▸ **How to complete this task**: Transcribe the data underneath exactly. No images belong in your version.

▸ **Dataset content**:

===============

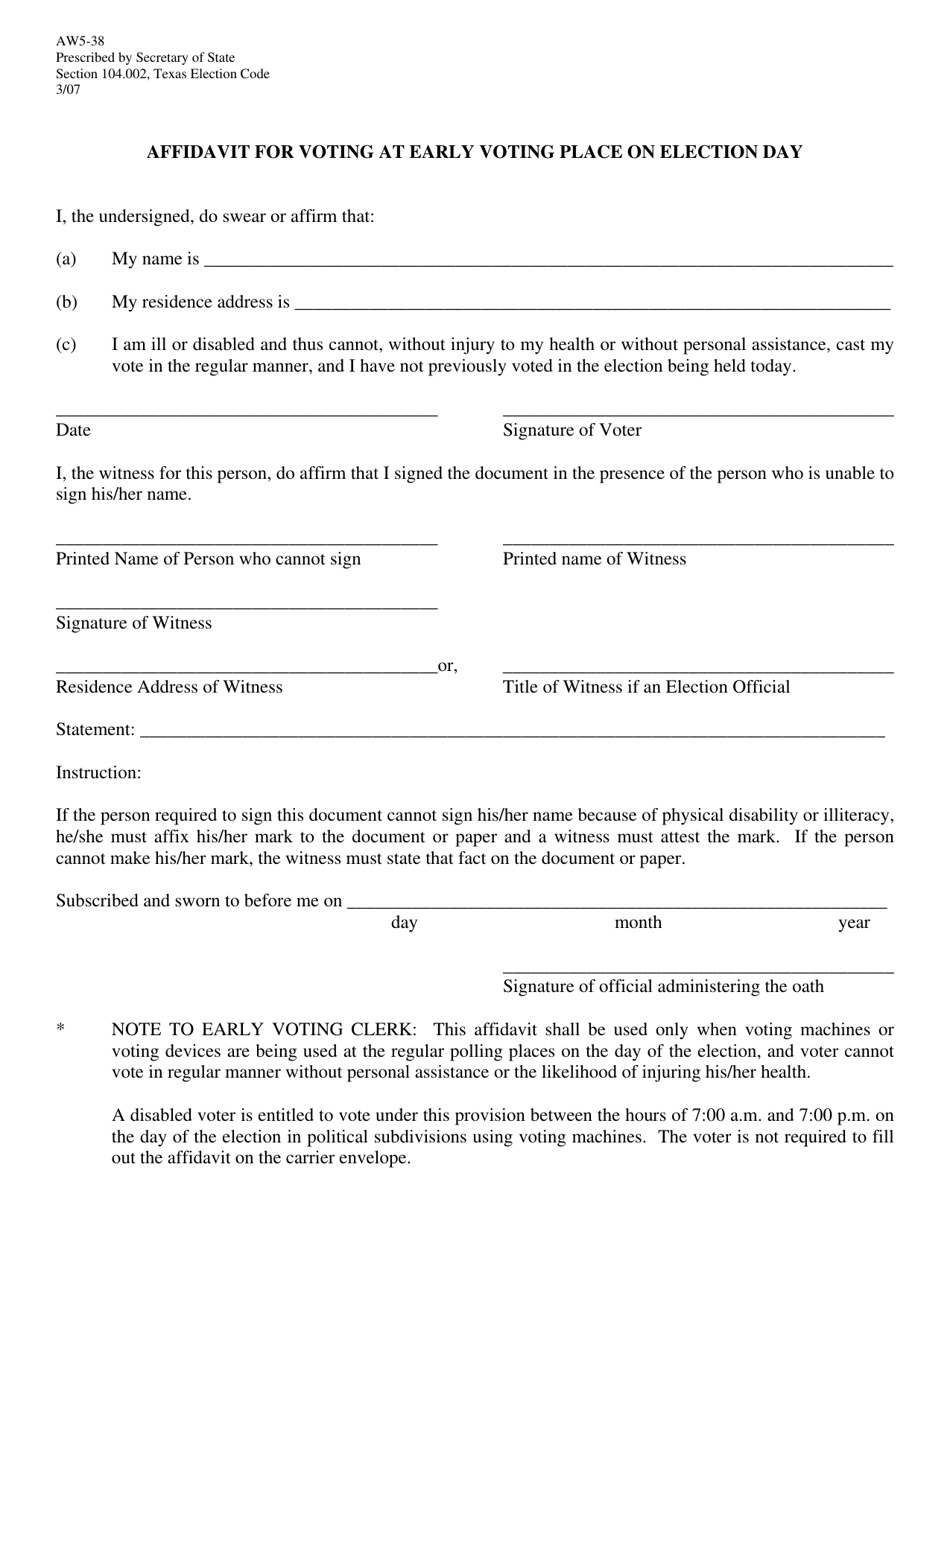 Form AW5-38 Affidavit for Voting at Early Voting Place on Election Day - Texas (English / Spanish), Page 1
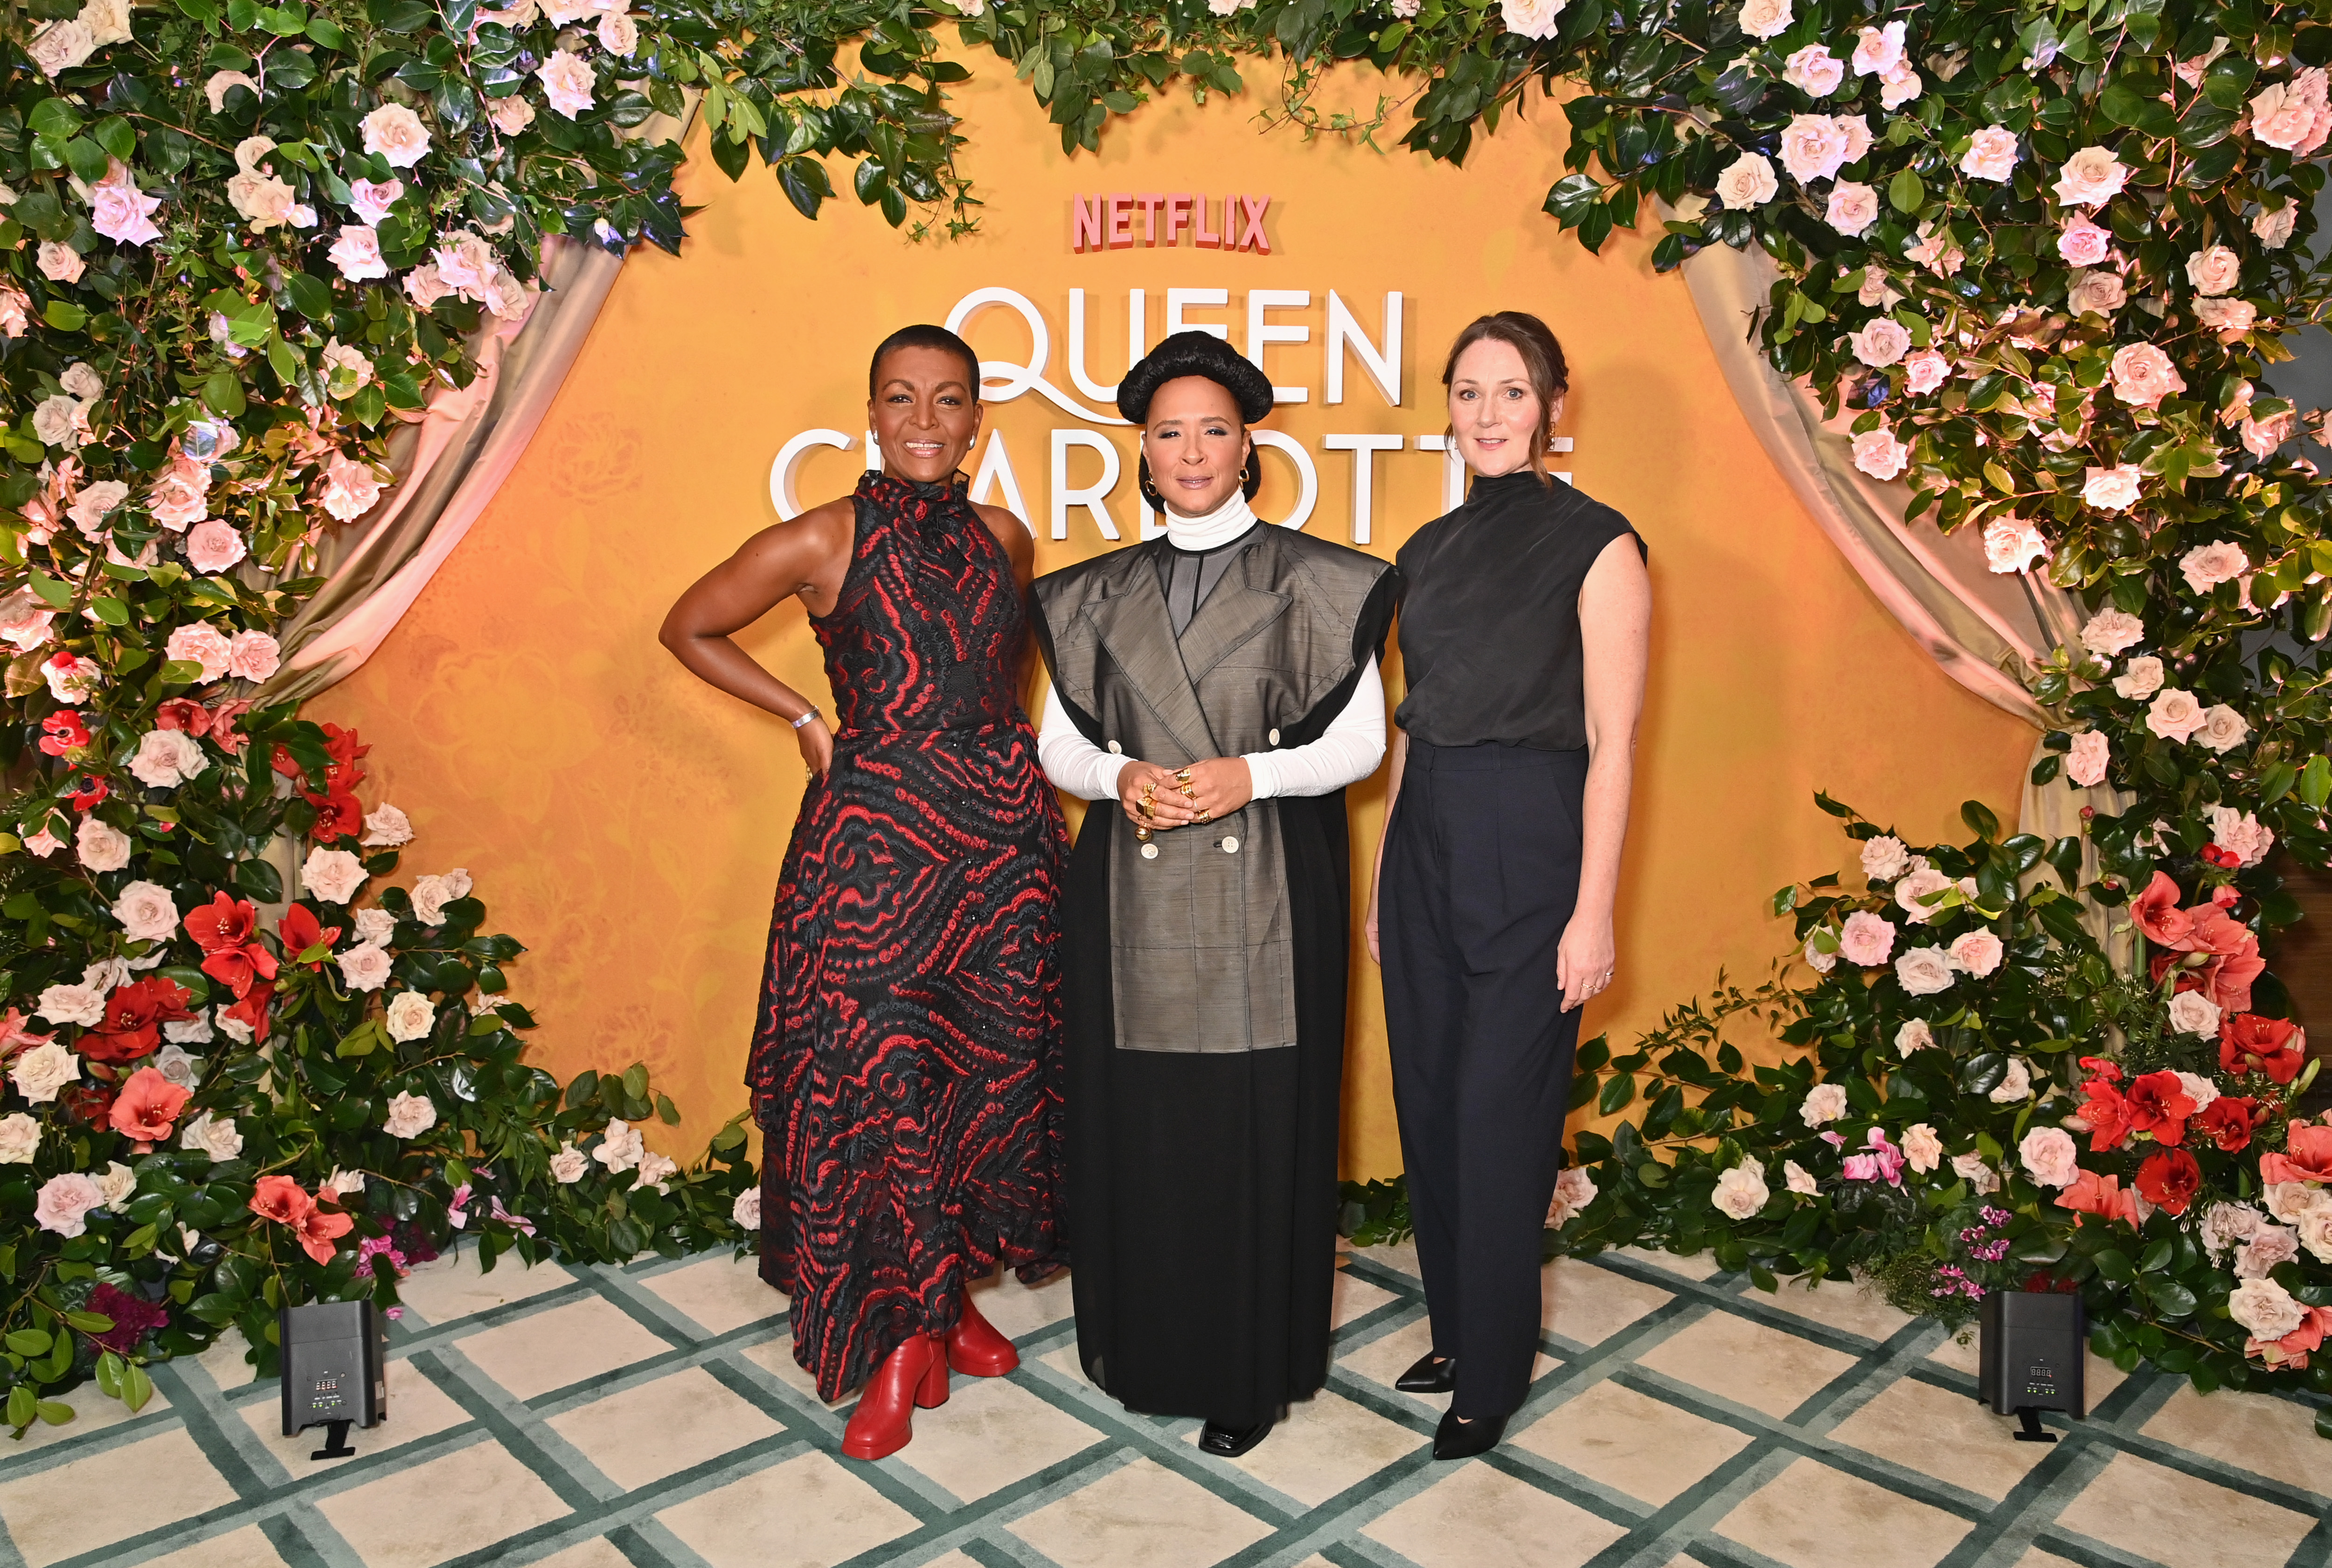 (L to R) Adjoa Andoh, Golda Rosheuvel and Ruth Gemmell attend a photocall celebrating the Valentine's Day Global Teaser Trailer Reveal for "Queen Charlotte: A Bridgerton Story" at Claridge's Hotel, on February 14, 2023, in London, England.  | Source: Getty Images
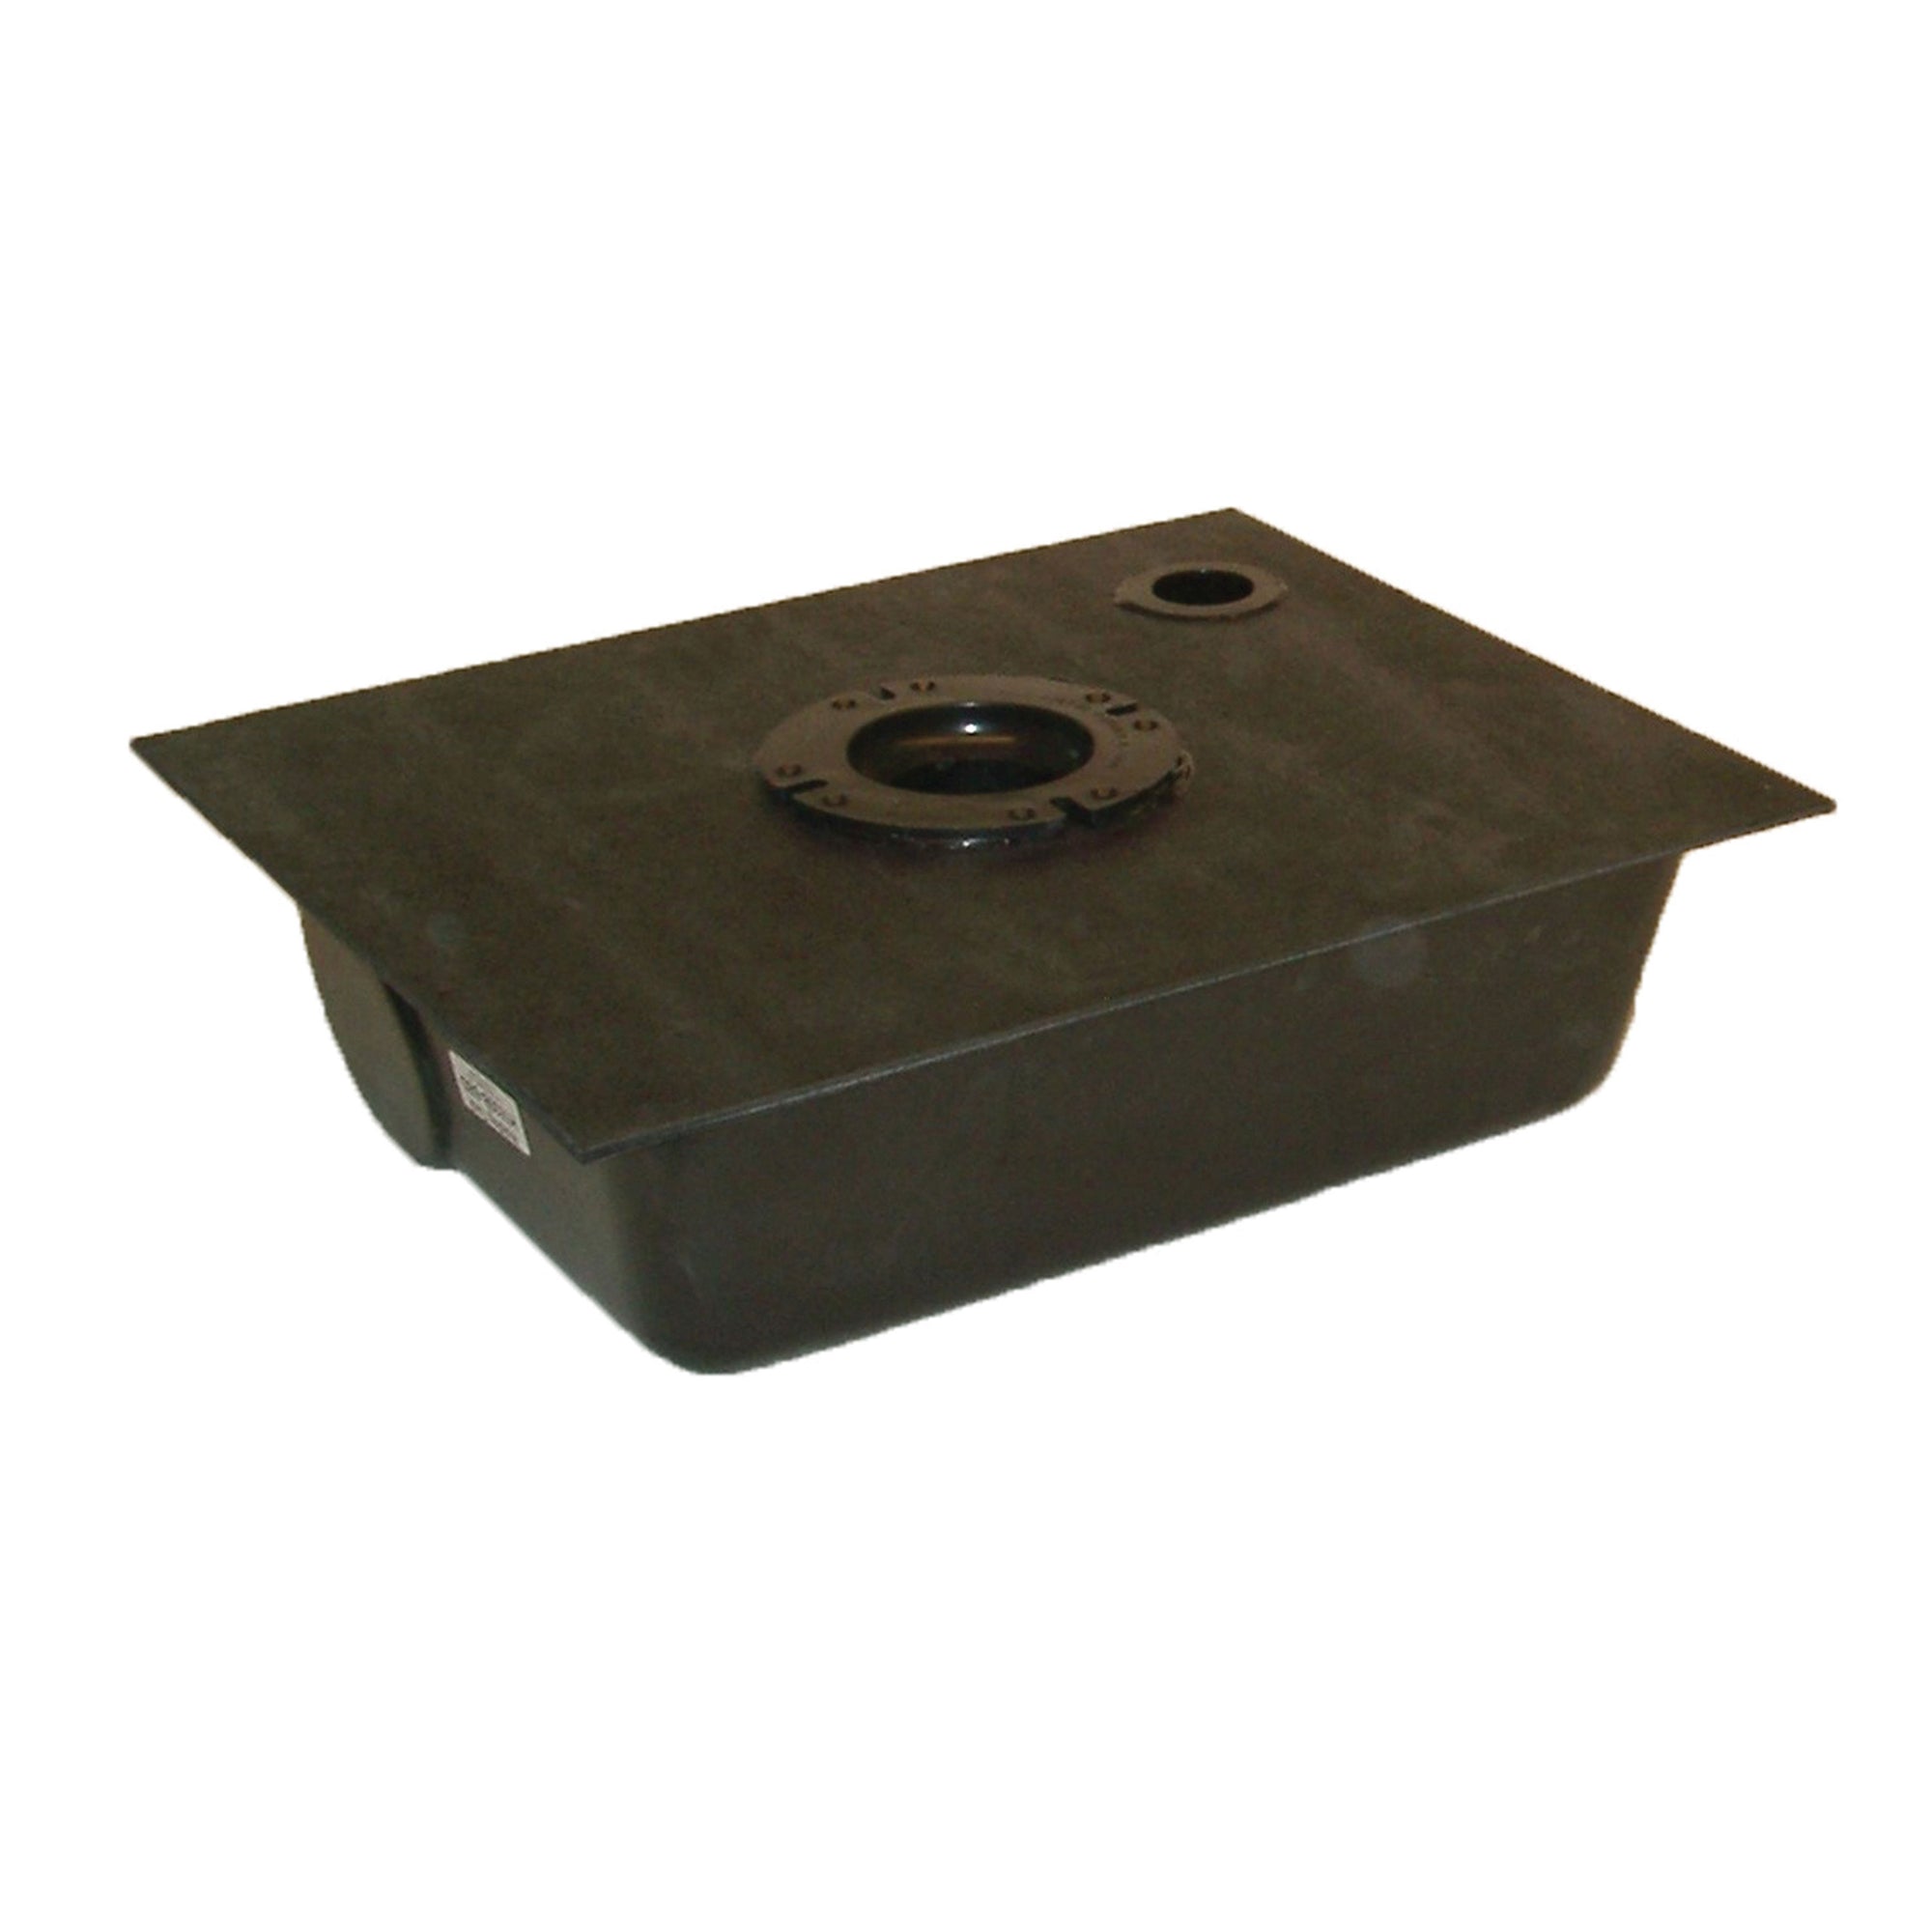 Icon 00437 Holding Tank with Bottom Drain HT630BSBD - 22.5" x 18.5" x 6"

===============

▸ **Answer below**:
 Form AW5-38 Affidavit for Voting at Early Voting Place on Election Day - Texas (English / Spanish), Page 1
 (L to R) Adjoa Andoh, Golda Rosheuvel and Ruth Gemmell attend a photocall celebrating the Valentine's Day Global Teaser Trailer Reveal for "Queen Charlotte: A Bridgerton Story" at Claridge's Hotel, on February 14, 2023, in London, England.  | Source: Getty Images
 Icon 00437 Holding Tank with Bottom Drain HT630BSBD - 22.5" x 18.5" x 6"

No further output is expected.